Recordemos como muy importante que los bancos tienen la obligación (sí) de entregar esta información antes de proceder a la contratación de cualquiera de estos productos, entre los que se encuentran, como ya hemos adelantado, depósitos, bonos, acciones, seguros y planes de pensiones. Por tanto antes de realizar cualquier operación exija que le proporcionen esta información.

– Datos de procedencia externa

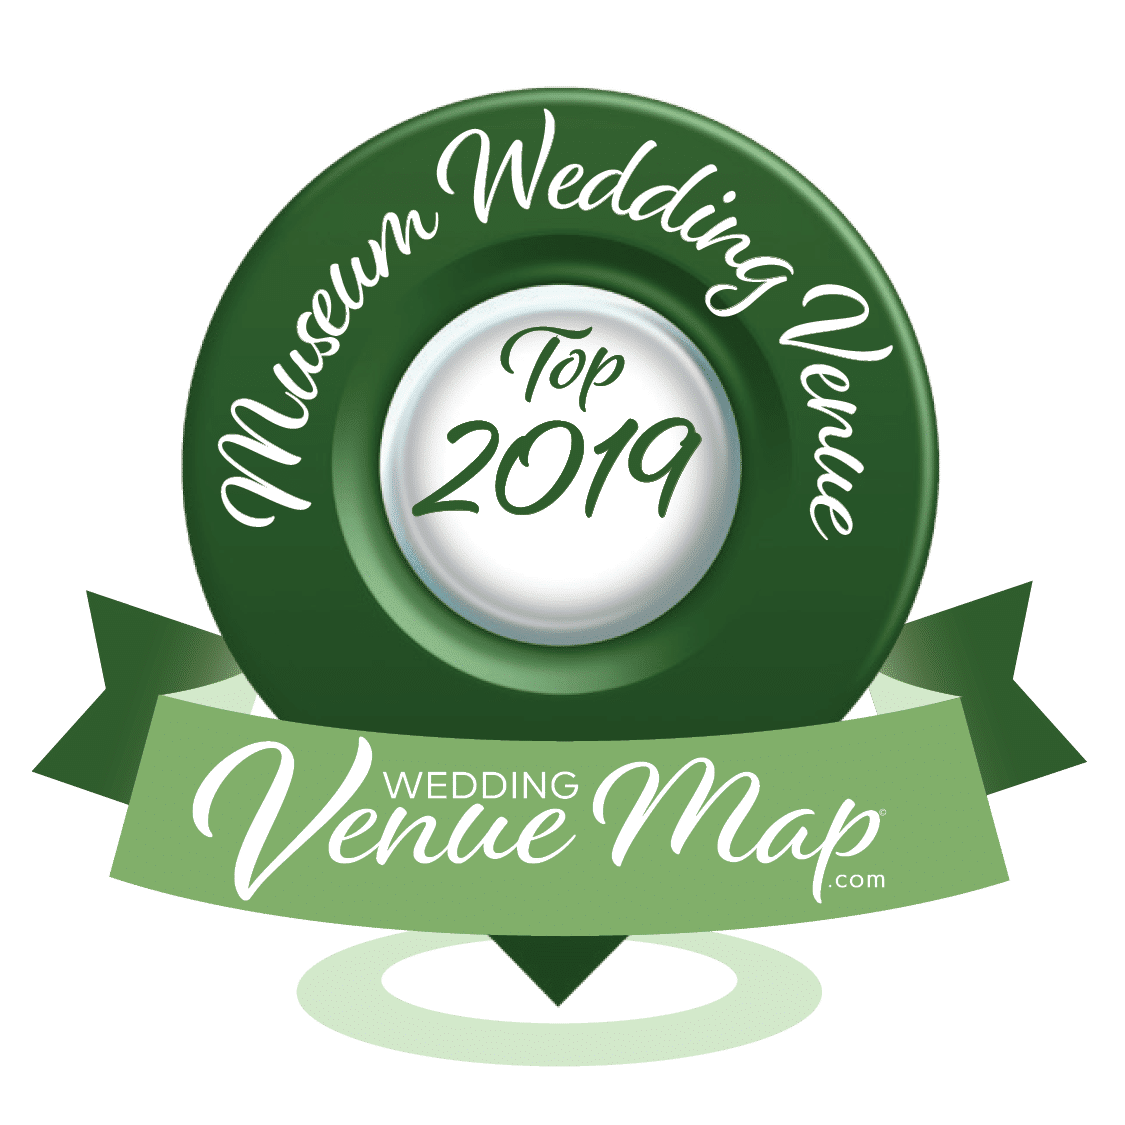 2019 Top Museum Wedding Venue badge
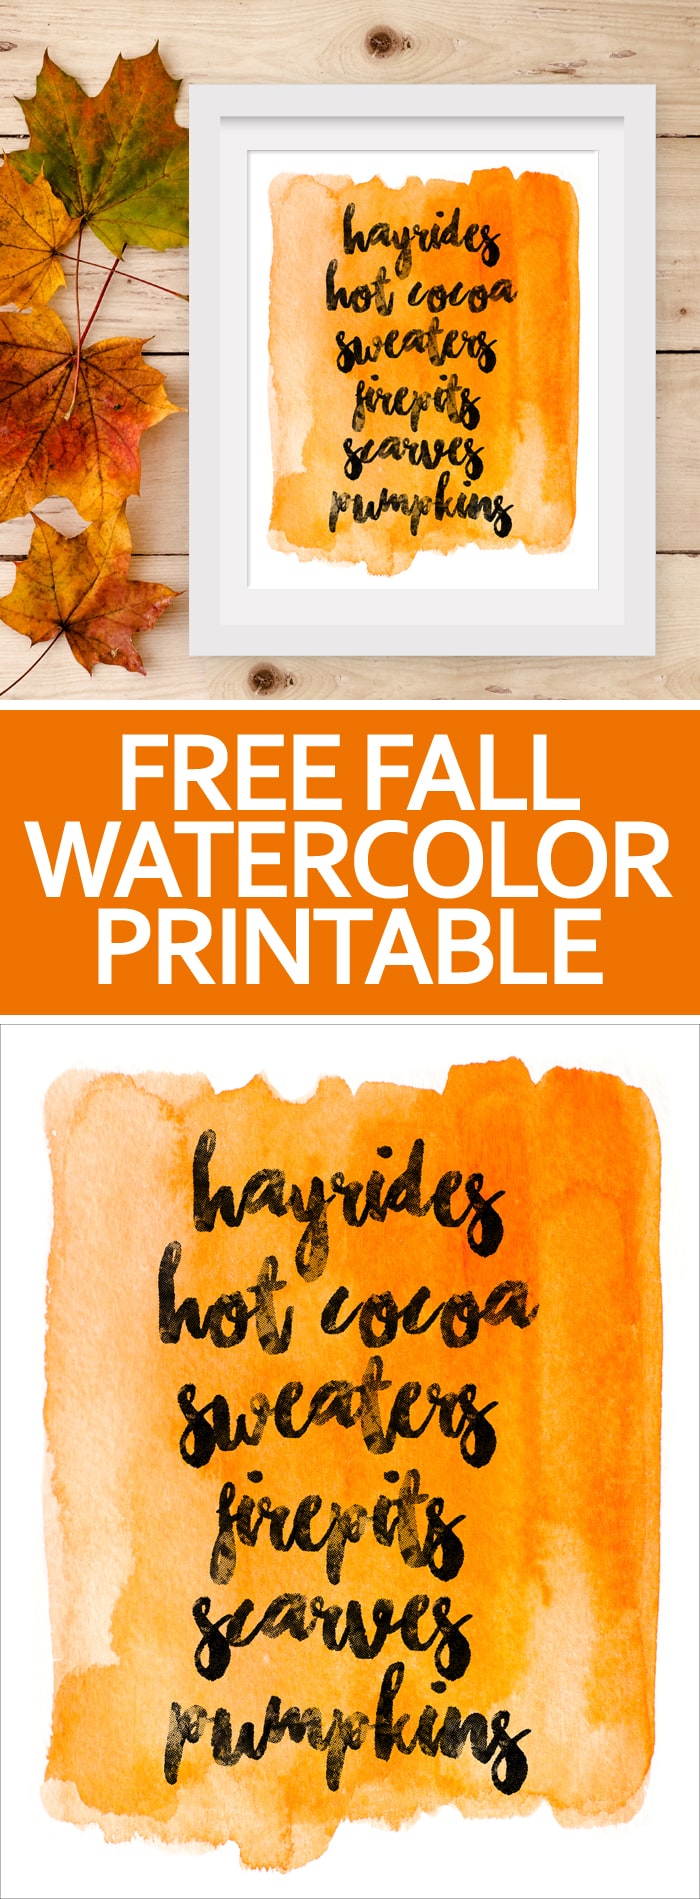 Free Fall Watercolor Printable poster.
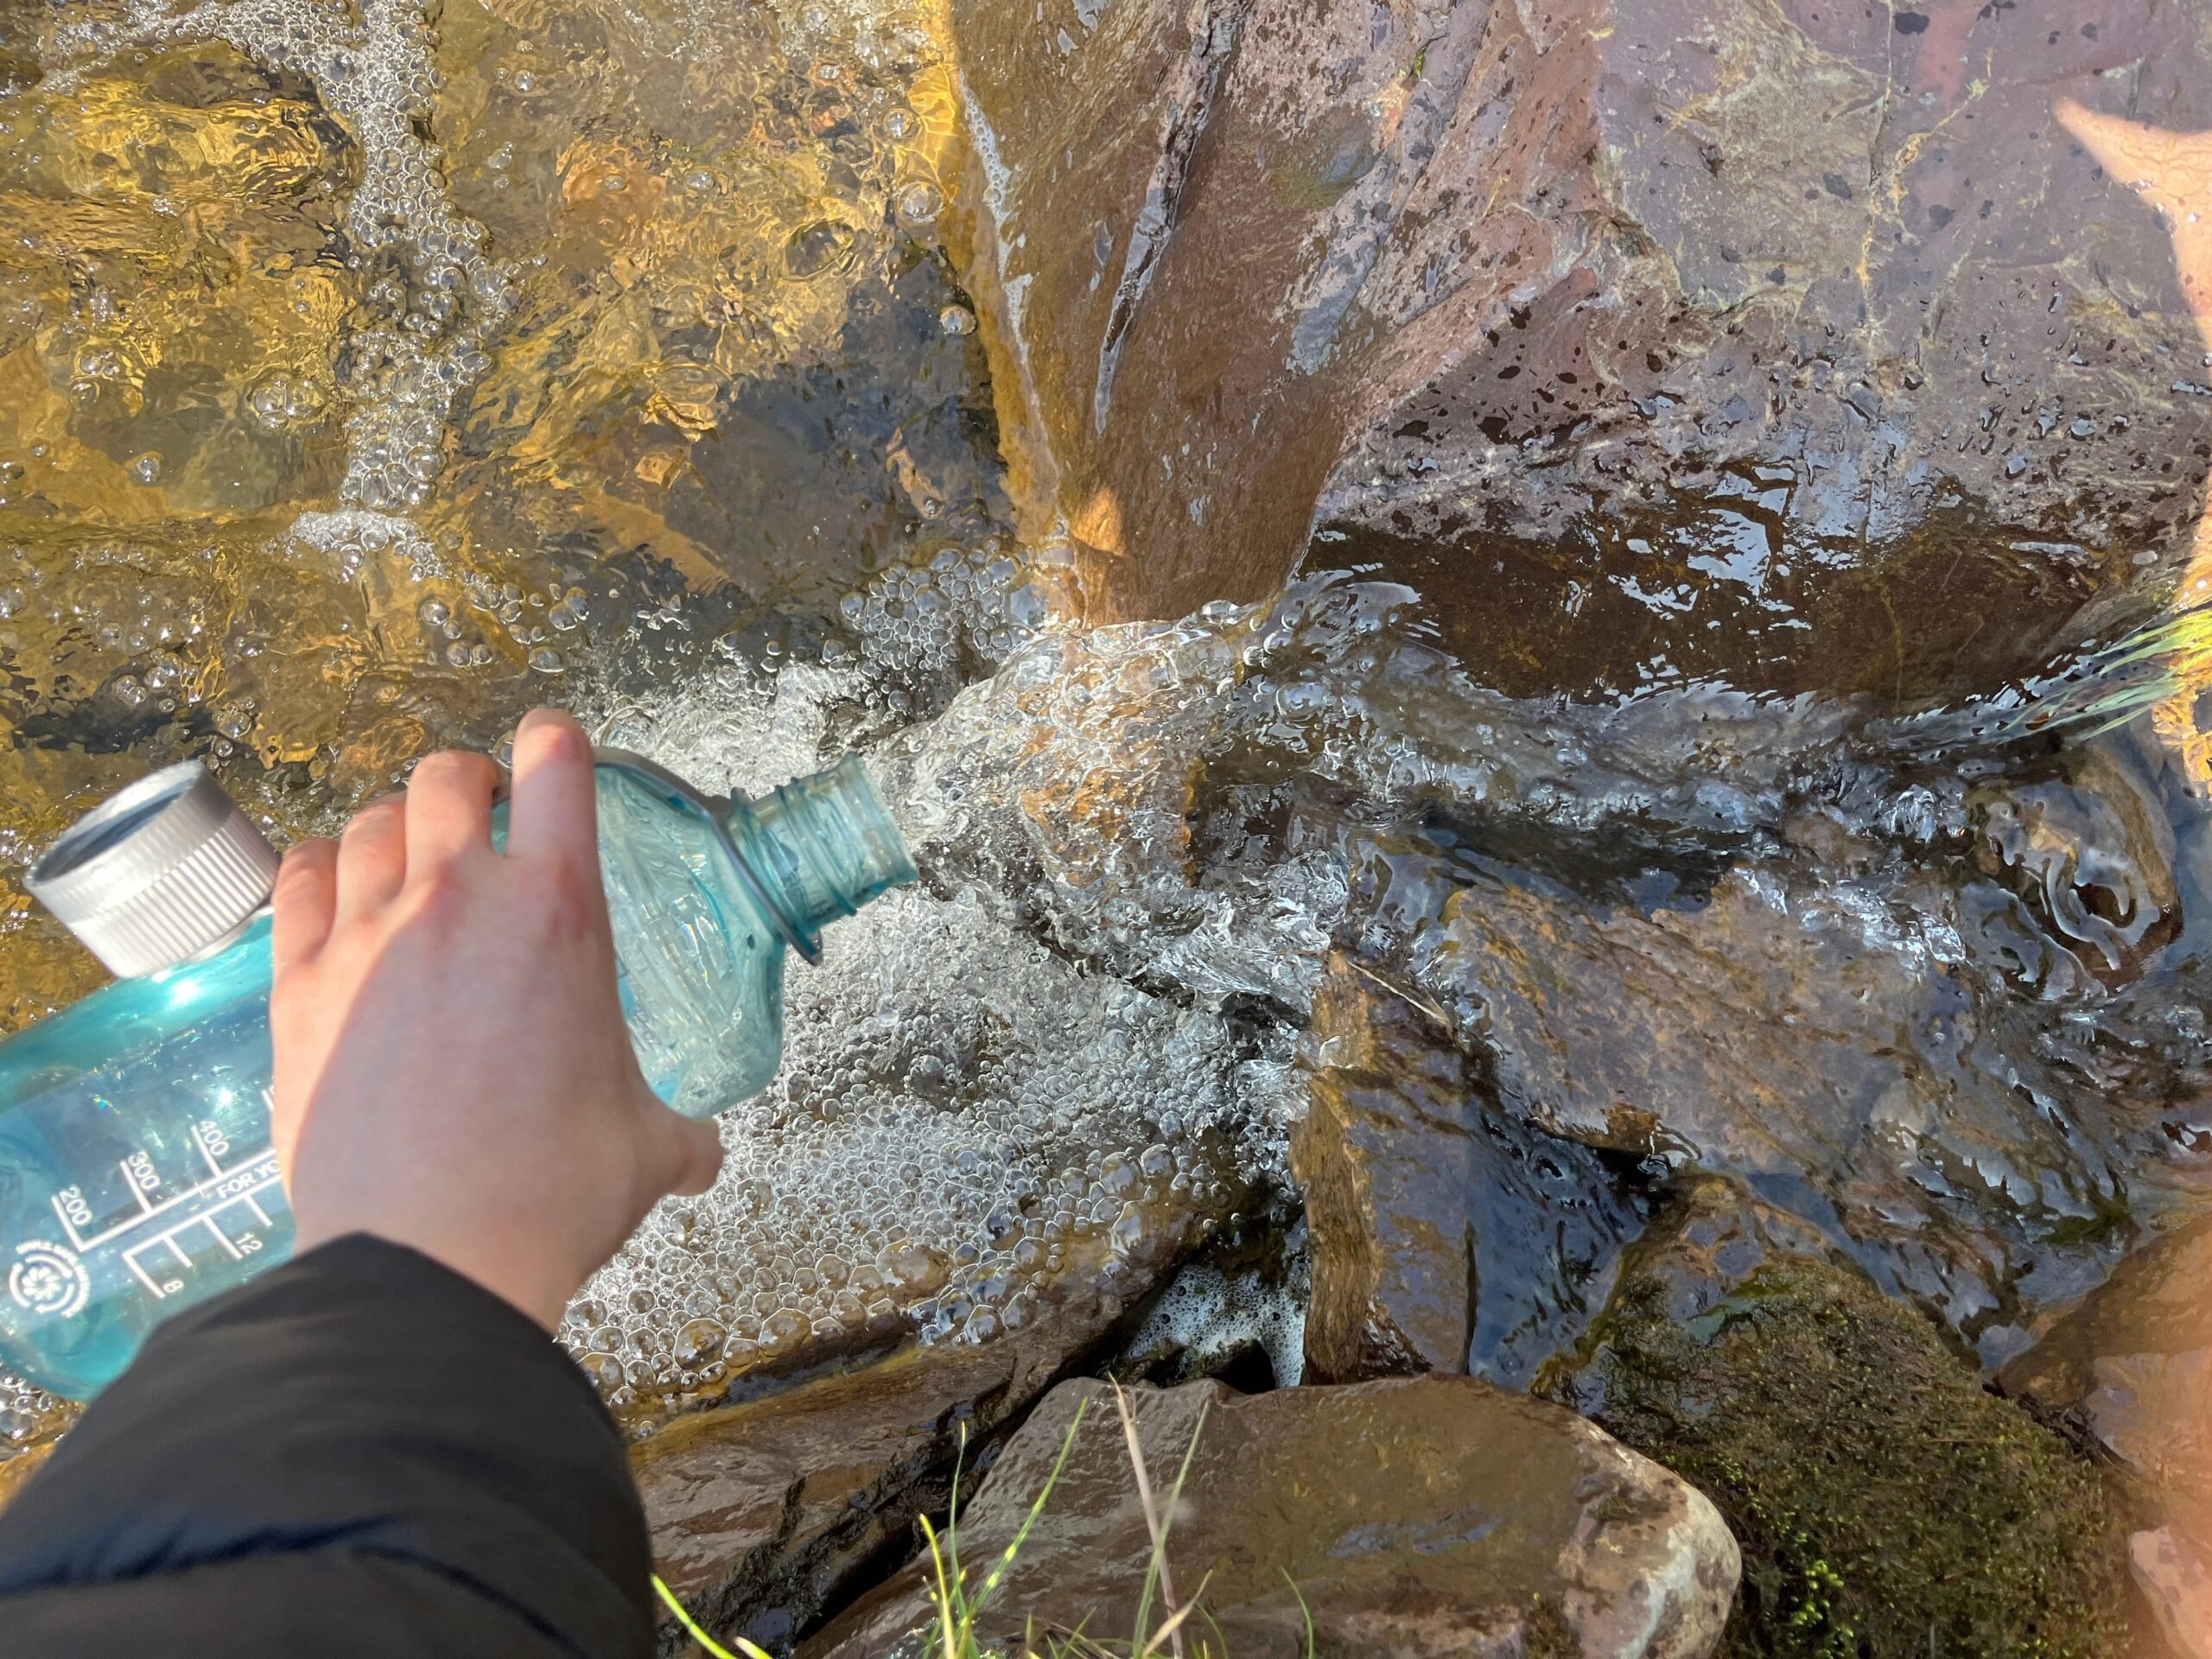 Filling a water bottle in a stream in Iceland
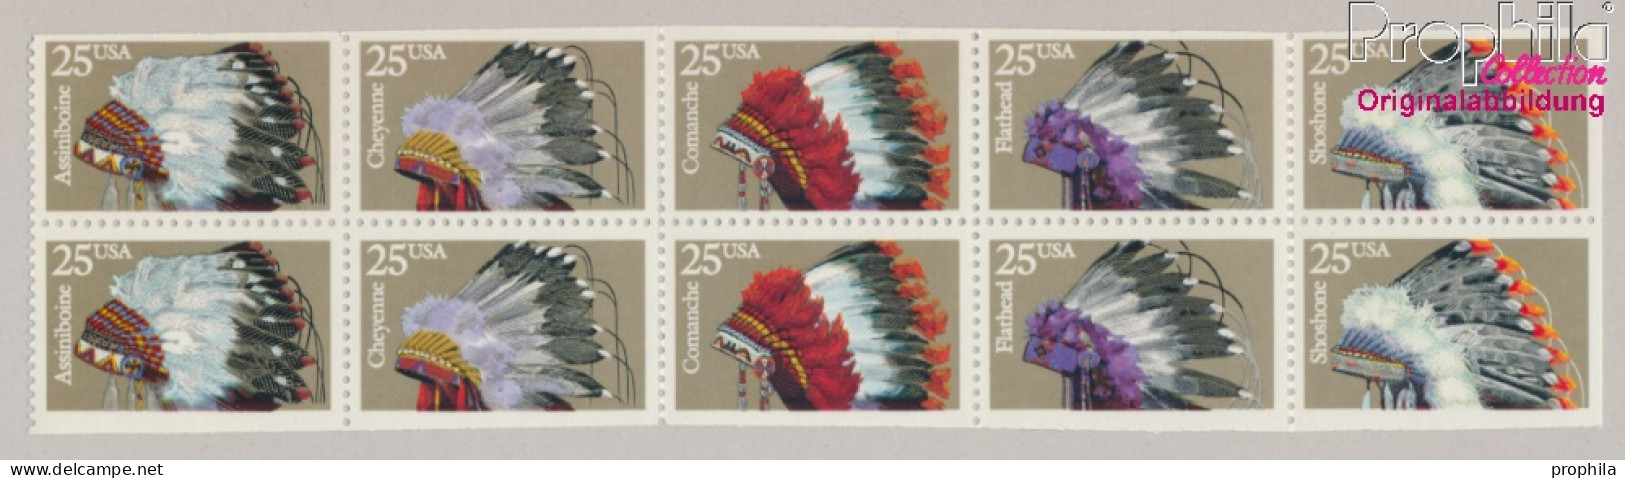 USA 2098-2102 Zehnerblock (kompl.Ausg.) Postfrisch 1990 Indianer Kopfschmuck (10368265 - Neufs
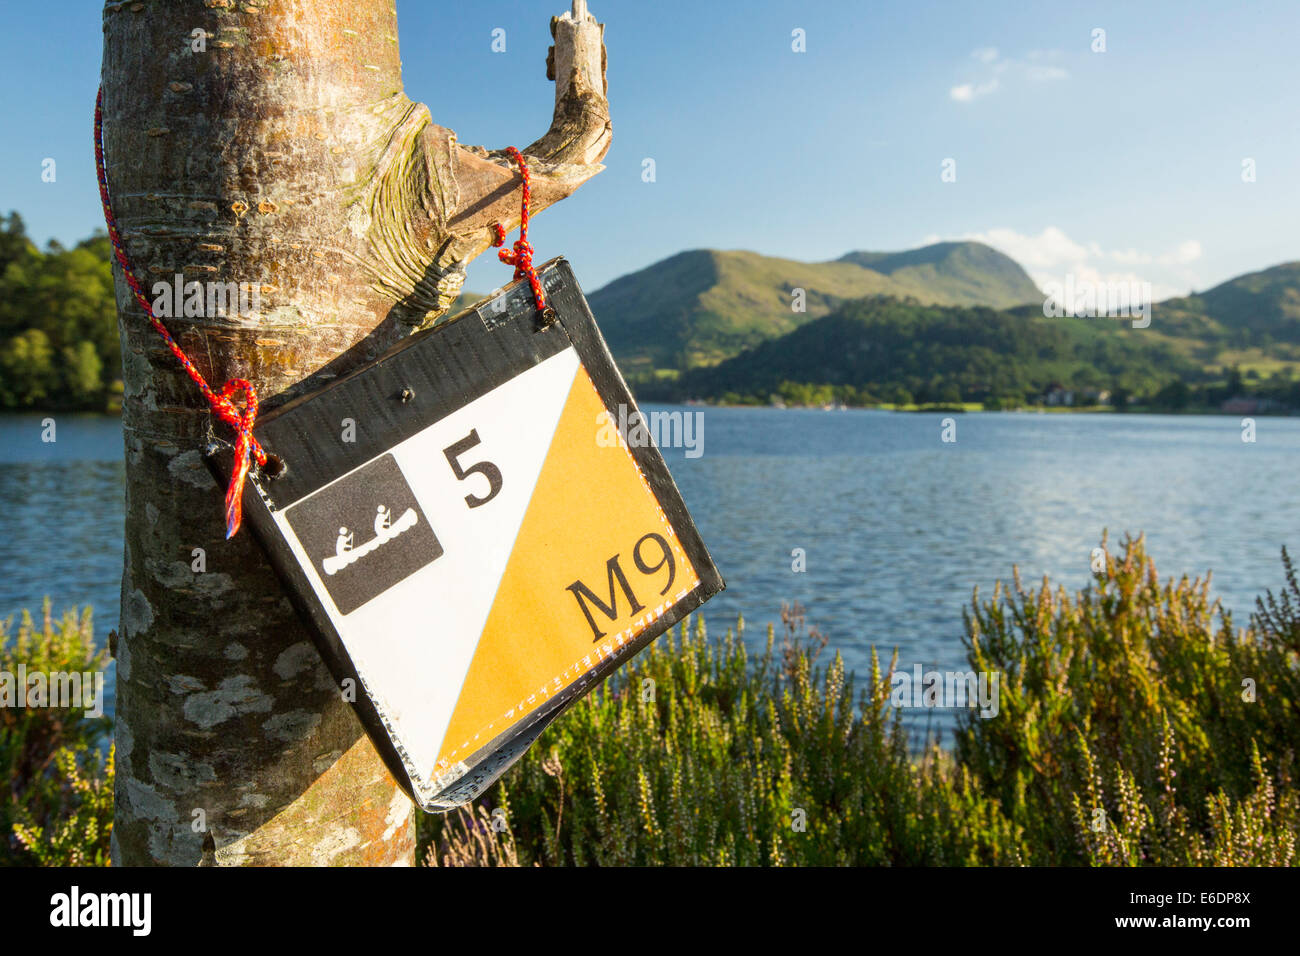 A kayak orienteering sign on Ullswater in the Lake District, UK. Stock Photo

Como decíamos en la cabecera de este epígrafe: Mucha atención al riesgo.

Plan de Pensiones.

Estudiar y comparar antes de contratar. El Plan de Jubilación, que es como se conoce tradicionalmente al Plan de Pensiones o al Plan de Previsión Asegurado (PPA) puede llegar a convertirse en todo un quebradero de cabeza si no se lleva a cabo de una forma correcta y ordenada. En este sentido hay que tener mucho cuidado a la hora de contratar uno de estos productos teniendo en cuenta distintos factores como la edad, los ingresos fijos mensuales así como las posibilidades reales de seguir obteniéndolos, la compañía con la que se contrata, el tipo de interés ofertado…

En definitiva y al igual que ocurre con la contratación del resto de productos financieros debemos tener muy claro qué es lo que vamos a contratar y con quien antes de hacerlo. Lo ideal es contar con la colaboración experta de un asesor financiero debidamente titulado (como ya hemos recomendado en otras ocasiones e incluso en este mismo documento) que nos explique en profundidad las ventajas e inconvenientes de los mismos y cual de entre los existentes es el que más se adapta a nuestro perfil.

Dicho esto, debemos tener en cuenta algunos factores que han cambiado en este tema a partir de la reforma llevada a cabo el pasado enero de 2015. Y lo primero que debemos exponer es que en el momento del rescate del plan, bien se disponga del dinero obtenido como renta o como capital íntegro (como renta que se va “cobrando” en varias veces o como capital en una sola vez) el mismo tributará (cuando menos en 2017) como rendimiento de trabajo, que por tanto estará sujeto a retención antes de que llegue a su cuenta. Así pues, repetimos, a efectos fiscales el capital obtenido tendrá la consideración jurídica de rendimientos del trabajo, tal como lo pueden ser las cantidades obtenidas vía salario o sueldo. Esto viene “heredado” del famoso artículo 37 de la Ley 35/2006 del IRPF que se expresa en tal sentido.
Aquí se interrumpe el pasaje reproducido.